Northwest Resistance: Memorandum for the Hon. the Indian Commissioner Relative to the Future Management of Indians

Summary

In a May 1885 correspondence to the Indian Commissioner, an official states that it is his impression that Moosomin, Turtle Lake and Thunderchild bands will remain loyal, and that if they are not, that they will be discreet enough to at least appear to hold a position of neutrality. The writer was unsure regarding the loyalty, disloyalty or neutrality of Poundmaker. The writer also states, “It would seem to be matter for regret that we should not endeavour to keep well disposed Indians in hand, but the military authority superseding ours, renders it impossible to make any move in this direction.”

In a correspondence from May 29, 1885, from Indian Agent MacDonald to the Indian Commissioner, the Agent writes,

“If it can be done I would strongly recommend that the File Hill Band of indians be treated with by General Middleton, in the same manner he has done with those north - Invite the Chiefs and Head men to meet him at Fort Qu’Appelle, order the men to surrender their arms, depose the three chiefs and unruly head men and those who killed the cattle we will punish [there had been an oxen found, stripped of meat - assumedly killed by Aboriginal people, who were likely starving]. Actions of this kind will settle all difficulties in the future in this Treaty, an example should or must be made, I see no better one than to treat the File Hill Bands as having been disloyal during the troubles North had they been harshly dealt with previous to the battle of Batoche these four bands would have been on the warpath, reinforced by young bucks from other Reserves within the Treaty and by some halfbreeds what the consequences would have been no one can tell….The Northern Indians have got a lesson which they will never forget.”

In a June 2, 1885 letter from the Indian Commissioner to the Superintendent General, the Commissioner writes, “The guilty Indians should also be severely punished as an example to others in the future and the Chiefs and Head men deposed as suggested by Agent McDonald.

In a June 5, 1885 letter from the same Commissioner to Indian Agent MacDonald, the Commissioner reiterates these plans:

In a letter from the Indian Commissioner to the Superintendent General of Indian Affairs, the Commissioner recommends numerous ways to punish First Nations and Métis who were involved in the resistance: “I told the young men to consider over well what was going on [up] North. The Government was determined to punish all who took up arms against the Queen’s laws no matter how slight they may be, and no matter whether he was a White or Black man, Halfbreed or Indian, they would be dealt with alike.”

The following is a summary of the Memorandum for the Honorable Indian Commissioner relative to the future management of Indians (the summary is not a direct transcription but aims to use as much original phrasing as possible):

1. All Indians who have not during the late troubles been disloyal or troublesome should be treated as heretofore.

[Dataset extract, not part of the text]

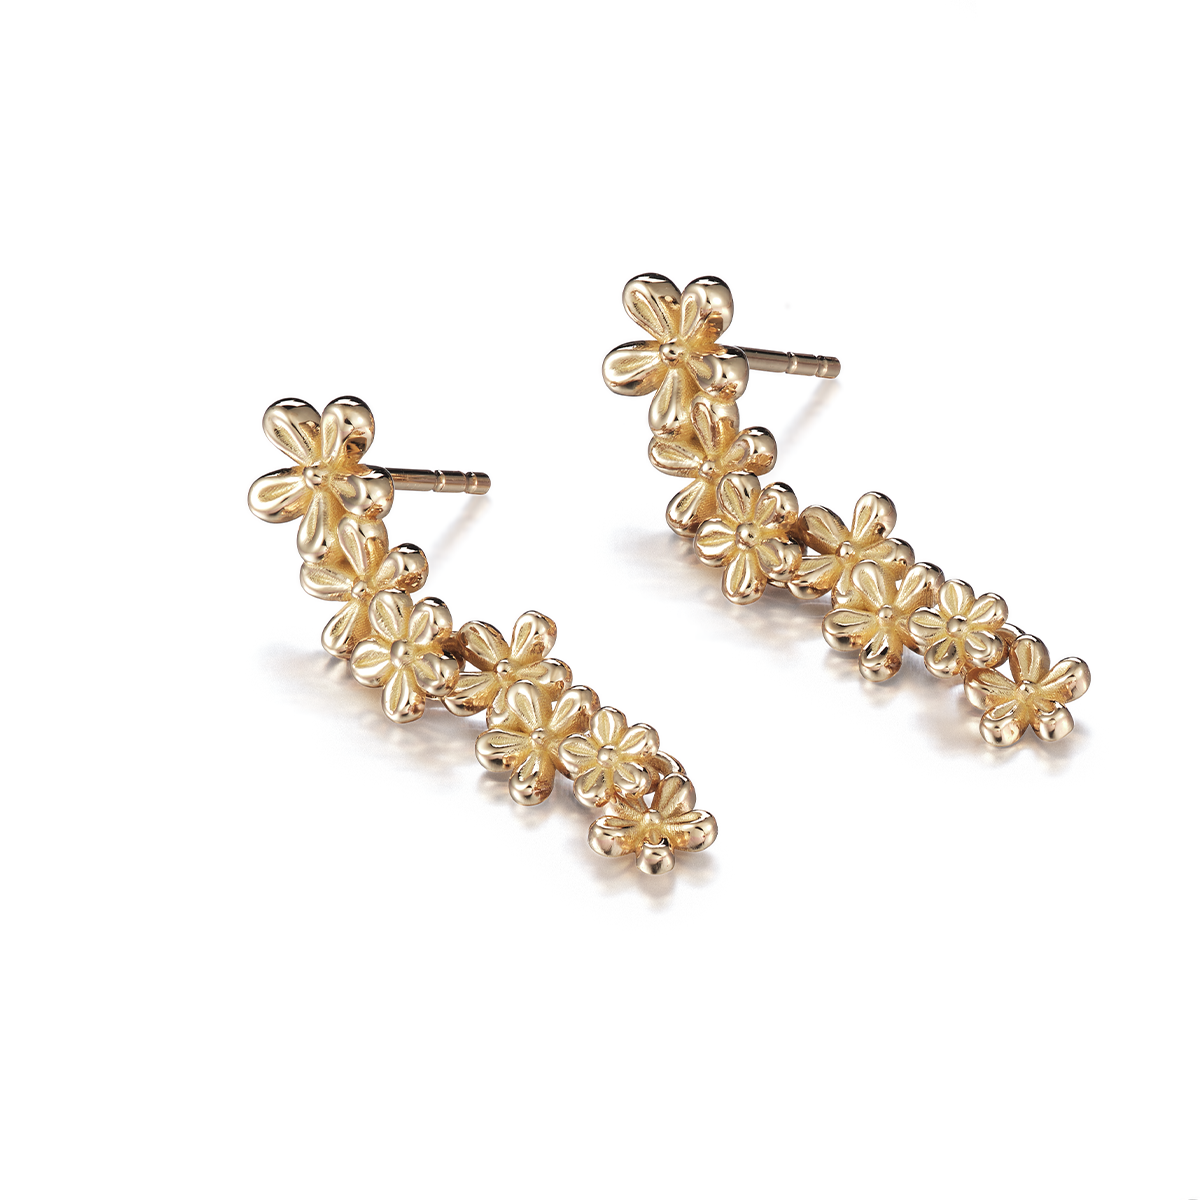 Juuret - Roots: Golden garland stud earrings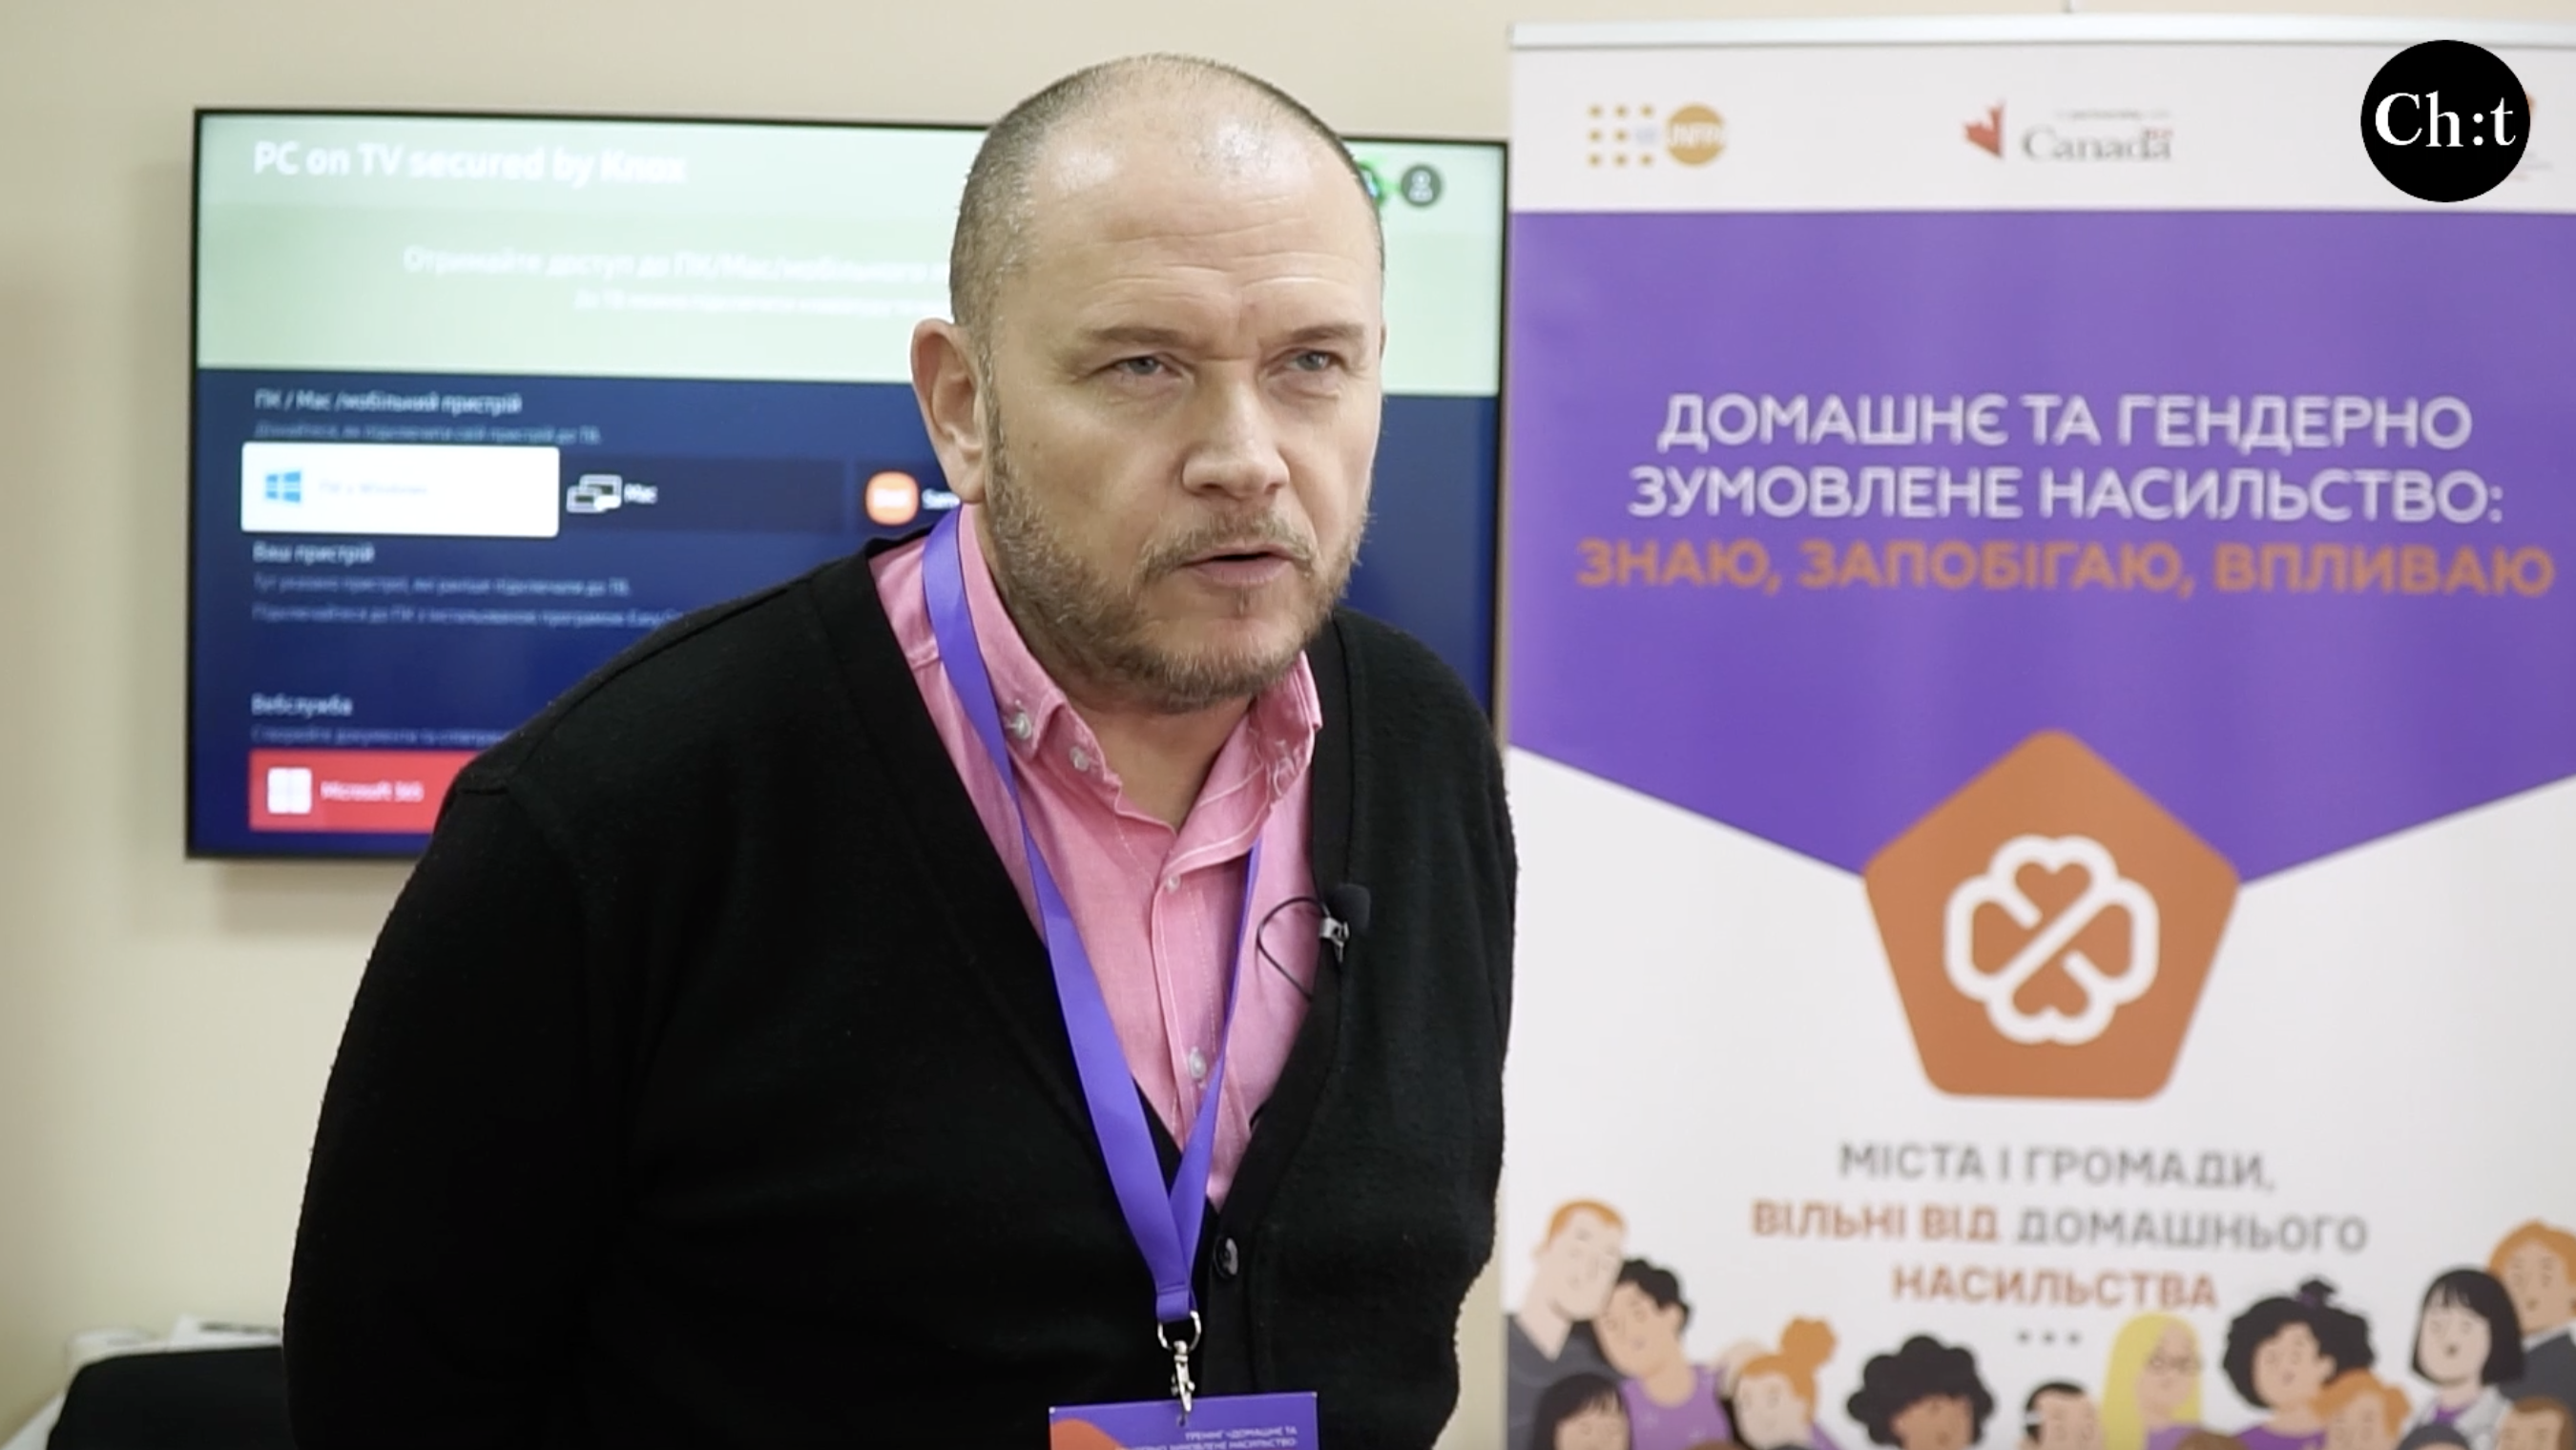 Сергій Велигодський, тренер Фонду ООН у галізу народонаселення України

 2. It is suggested that all leading Indian rebels whom is it found possible to convict of particular crimes such as instigating and inciting to treason, felony, arson, larceny, murder, be dealt with in as severe a manner as the law will allow, and that no offence of their most prominent men be overlooked.

 3. Métis involved in the rebellion convicted will be punished in similar manner.

 4. That the tribal system should be abolished in as far as is compatible with the Treaty, ie. in all cases in which the Treaty has been broken by rebel tribes; by doing away with chiefs and councillors, depriving them of medals and other gifts to their offices.

 5. No annuity money to any ‘rebellious’ bands or individuals who joined “insurgents... The annuity money which should have been expended wholly in necessaries has to a great extent been wasted upon articles more or less useless and in purchasing necessaries at exorbitant prices, entailing upon the Department a greater expenditure in providing articles of clothing, food and implements not called for by the terms of the Treaty…”

 6. Disarm all rebels, but to those rebel Indians north of the North Saskatchewan River who have heretofore mainly existed by hunting: return shot guns (retaining the rifles), branding them as Indian Department property and keeping lists of those to whom arms are lent.

 7. No rebel Indians should be allowed off the Reserves without a pass signed by an Indian Department official.

8. The leaders of the Lakota who fought against the troops should be hanged and the rest be sent out of the country as they are certain of the settlers who are greatly inclined to shoot them on sight.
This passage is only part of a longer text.